Tgr renamed this task from Investigate the First-Party Sets browser API to Investigate the First-Party Sets / Related Website Sets browser API.Apr 16 2024, 3:08 PM
Tgr updated the task description. (Show Details)

As a reference: First-Party sets may be not that useful for some 3rd party wikifarms, so we need also find another solution for them.

The explainer says "If your RPs are SameParty, you may be better served by First-Party Sets." Which would be nice if there actually was a first-party sets standard, but it doesn't seem to be making much progress.

First-Party sets would also be useless to Miraheze as custom domains could take weeks to be added and need manual work. It looks like sets have to be reviewed and shipped in a chrome profile.

First-Party sets would also be useless to Miraheze as custom domains could take weeks to be added and need manual work. It looks like sets have to be reviewed and shipped in a chrome profile.

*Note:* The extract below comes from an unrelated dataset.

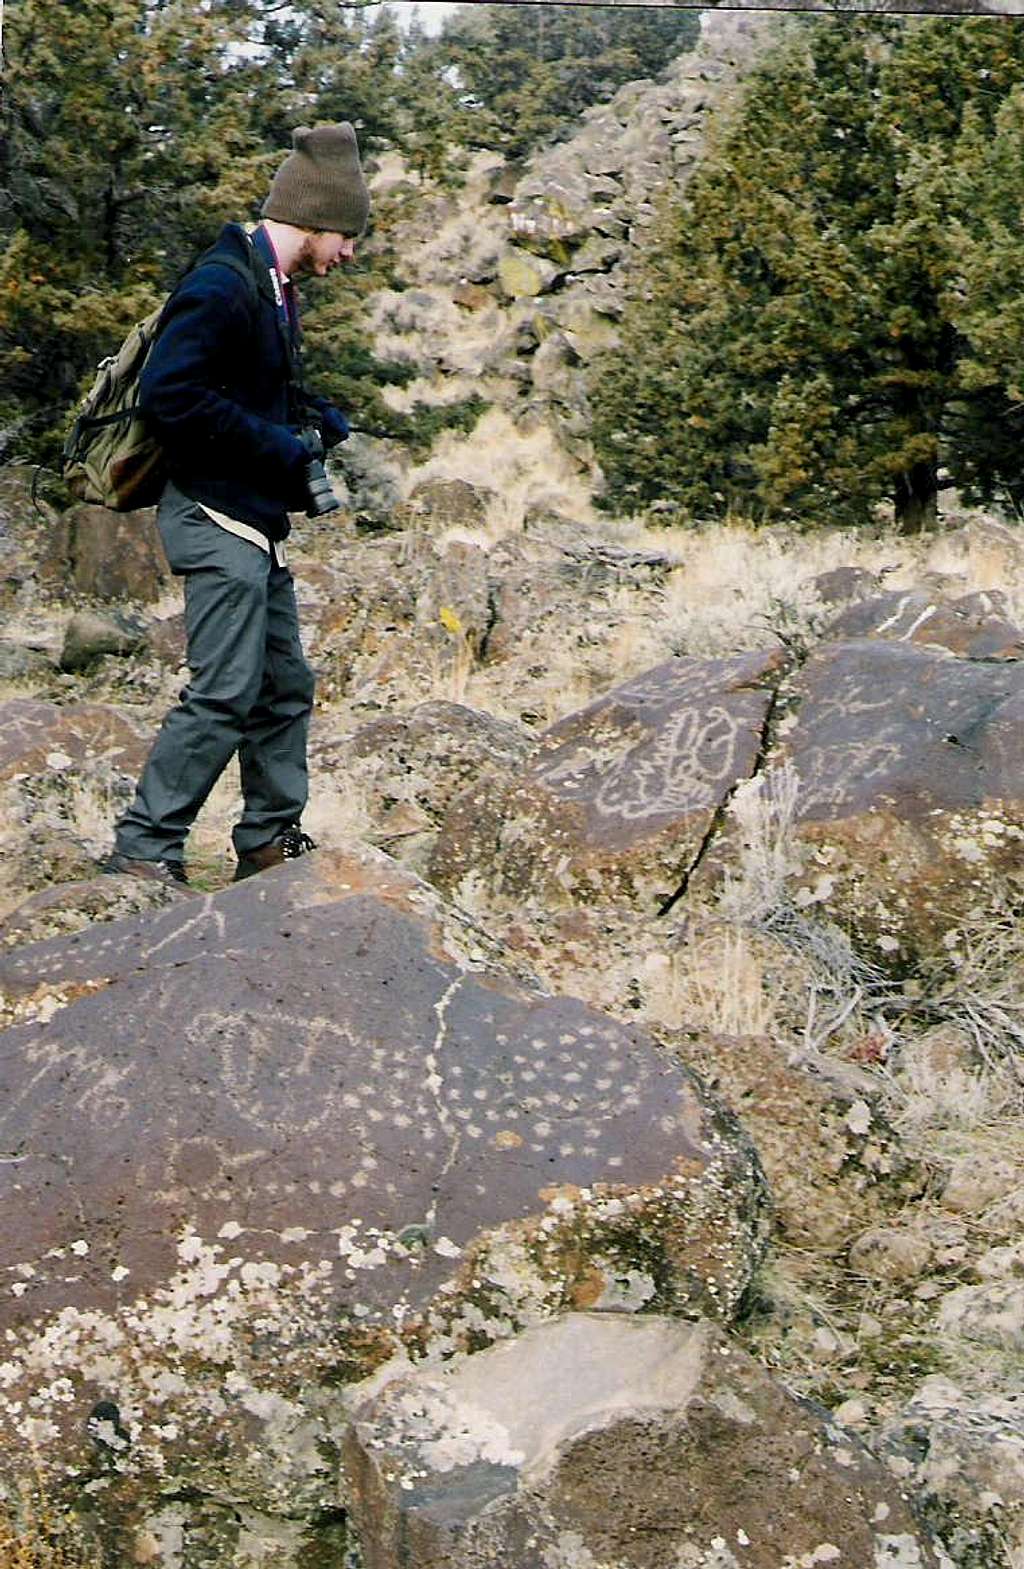 Petroglyphs near Burns, OR

They have their own update mechanism (so not dependent on Chrome updates) but yeah there is a manual review process which is slow. But you don't need to add all your domains to the set (it has a limit of five domains anyway), just the login domain.

As a reference: First-Party sets may be not that useful for some 3rd party wikifarms, so we need also find another solution for them.

In general, CentralAuth is a Wikimedia-specific extension and we don't support third-party use (we'll try not to break it unnecessarily, but we won't go out of our way to build alternative mechanisms for sites which differ in some relevant way from the Wikimedia cluster).
Related Website Sets is (at the moment, at least) Chrome-only though, so of course there needs to be some fallback mechanism.

I think the above counts as an investigation.

RWS seems almost useful, but the five-domain limitation and the way it's integrated with the Storage Access API makes it not actually useful. Those are relatively minor details so maybe worth checking from time to time for changes (e.g. if the upcoming HTTP headers support for the Storage Access API gets integrated). But for now, I don't think there's anything actionable left here.